Our military has its own rules for ensuring that its members are deterred from using drugs and that they are ready for service at any time. As of 2017, applicants and current members must be tested for 26 different drugs, including marijuana, cocaine, heroin, prescription or illicit opioids and amphetamines. Current military members are subjected to random drug testing up to three times each year.
Keeping Your Workplace Drug-Free
It’s never easy for an employee to report a co-worker who is struggling with heavy alcohol use, illicit drug use or misused prescription drugs. Human Resources departments have a responsibility to make it as easy as possible for impaired employees to get help. This includes providing training for all employees on how to maintain a safe workplace, what to do if they see a co-worker struggling and, of course, ensuring the addicted employee has access to effective rehabilitation.

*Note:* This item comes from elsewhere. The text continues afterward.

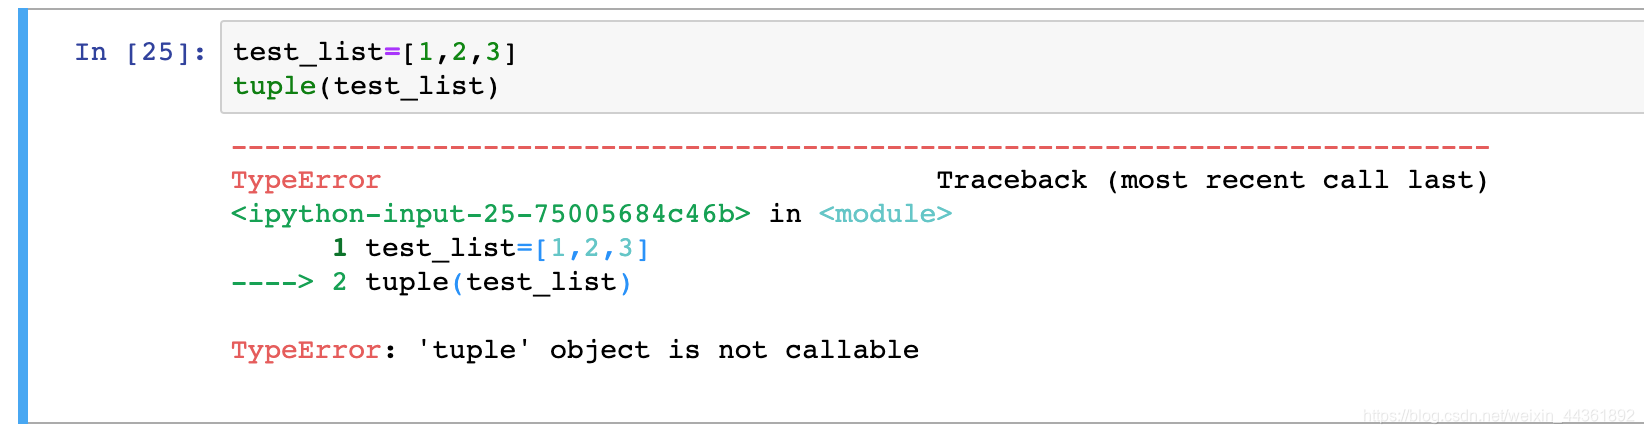 Typeerror: 'Tuple' Object Is Not Callable_阿龙-梦想家的博客-Csdn博客
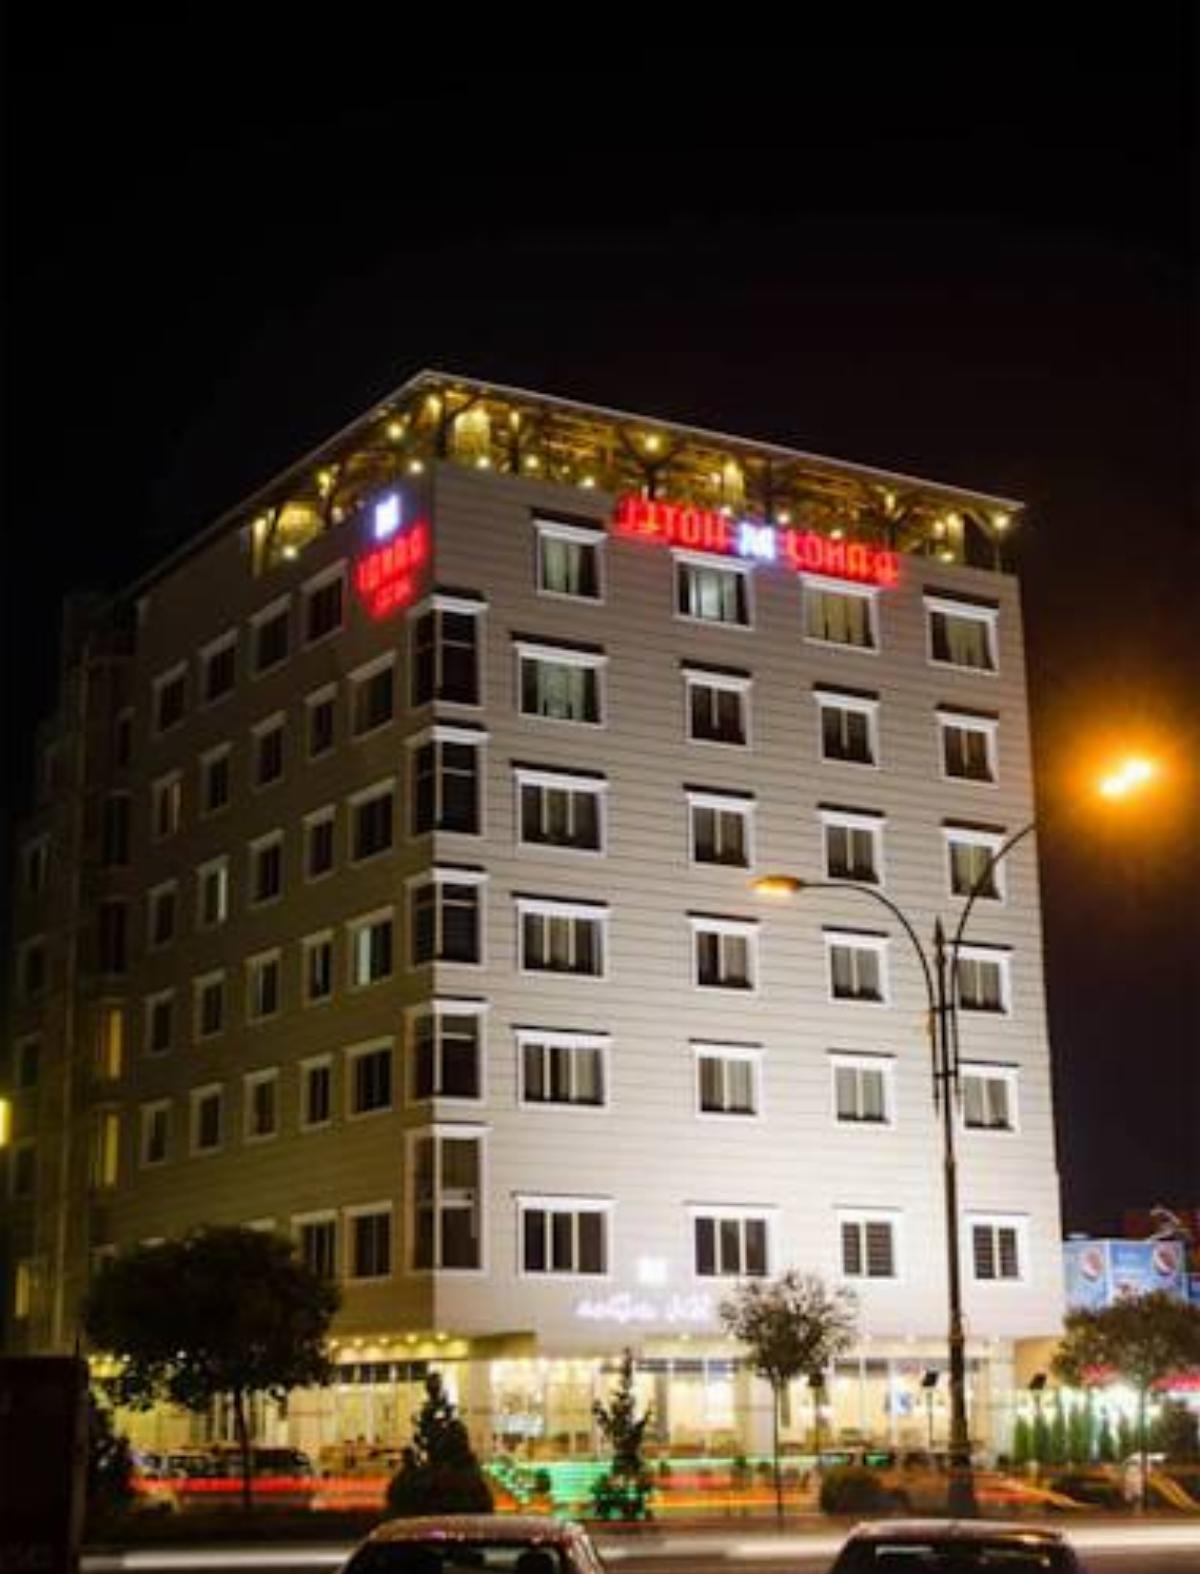 Banoj Hotel Hotel Erbil Iraq

Many companies offer Employee Assistance Programs that help those employees struggling with addiction or personal difficulties such as financial or marital problems. Good health insurance helps employees get the medical care and rehabilitation they need.
There is a huge payoff for everyone involved when impaired employees get sober. The workplace is safer for everyone, the company can achieve higher productivity and it also saves on healthcare, personnel and administrative costs. Best of all, the employee has a chance to reclaim their sobriety and their life. In fact, when this help is offered without delay, it could even save their life.
What can you do if your HR department is not offering to help impaired employees? Perhaps you could take this article to your HR staff and point out the savings to them and the improved safety and productivity of the whole workplace if they do.